Specifically, the EPA is pushing to reduce – though not eliminate – fossil-fuel-powered electricity emissions by effectively requiring carbon capture equipment for most coal plants that remain in service by 2040. For smaller or intermittently operational coal plants, the EPA requires “clean fuel co-firing” instead – by replacing 40% of heat input with natural gas.
The rules also require gas plants with a capacity of at least 300 megawatts and a capacity factor of at least 50% to either install carbon capture equipment by 2035 or replace all but 4% of their fuel by volume with clean hydrogen by 2038. Plants can only escape these requirements by committing to retire by the 2030s.
The EPA designed its proposal to project flexibility and pragmatism – and to undermine charges that it is trying to shut down the fossil-fuel energy sector. The rules mostly exempt gas-fueled ‘peaker’ plants that provide energy when other sources of power are scarce, as well as coal plants that commit to retiring by 2030 (or by 2035, if they run at only 20% of capacity). Regulations only begin phasing in during the 2030s in general, and states have some flexibility as to how they implement the EPA’s requirements.

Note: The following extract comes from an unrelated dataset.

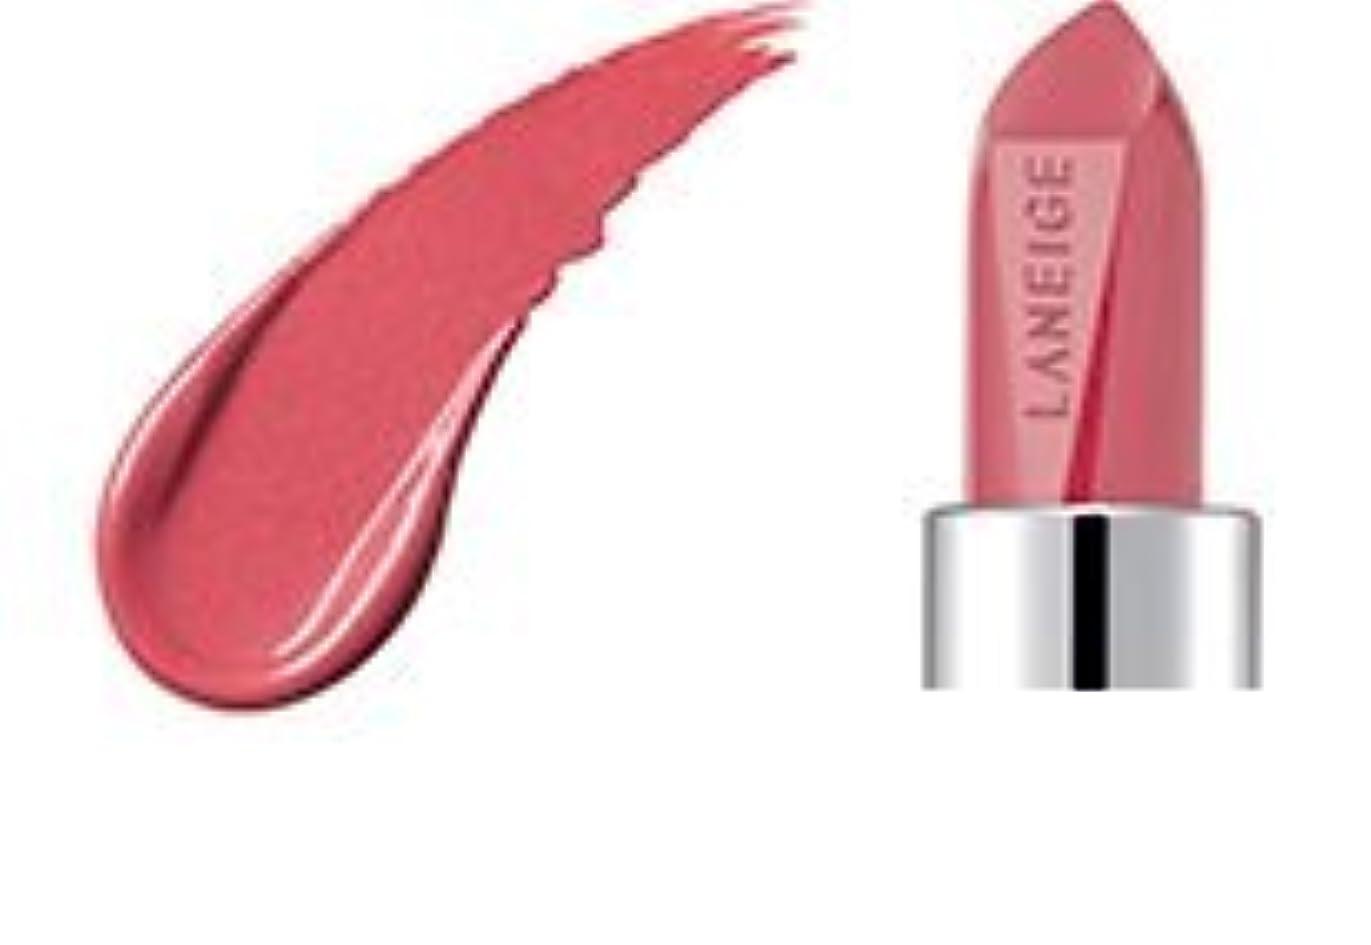 むしろ樹皮累計[2017 Renewal] LANEIGE Silk Intense Lipstick 3.5g/ラネージュ シルク インテンス リップスティック 3.5g (#430 Pink Garden) [並行輸入品]

The clear effect of the rules would be to increase costs for fossil-fuel-powered electricity at a time when clean energy is cheaper than ever. Many developers and utilities will find it cheaper and less risky to replace their coal or gas with solar and wind rather than retrofit to meet requirements. The EPA itself projects that the rule should result in 18 additional gigawatts of coal-plant closures by 2040.
That very expense is also the biggest threat to the rule’s legal standing, however. The EPA can only require usable and affordable technologies, and few fossil-fuel power plants in North America have been able to sustain operations with carbon capture equipment.
Despite the well-established science of carbon capture and storage, its novelty in the electricity market is certain to attract lawsuits next year when the final rule is issued – which the EPA-skeptical Supreme Court could very well sustain when the case eventually reaches them, likely years later.
State of the market
There are only two commercial coal plants with CCS currently supplying the US grid, which together provide a total capture capacity of 0.07 million metric tons of carbon dioxide per year. There are no natural gas plants using CCS that are commissioned at scale. Yet this could be about to change: BNEF’s latest market outlook projects an 99.7% growth in coal and gas CCS assets by 2030, to reach 30MtCO2 per year – even prior to the EPA ruling.
BNEF calculates that the levelized cost of electricity for new-build coal and gas plants coupled with CCS is $142 per megawatt-hour and $80/MWh, respectively, which is 43-45% more expensive than running the power plants unabated. Retrofitting costs are also estimated to be marginally higher than for new build.
The regulation will push 126GW of coal to retirement over 2023-2035, or an average of 18GW annually, according to EPA modeling. This represents a 38% increase from historical yearly retirement rates and, by BNEF’s calculations, an emissions reduction of 255MtCO2 per year.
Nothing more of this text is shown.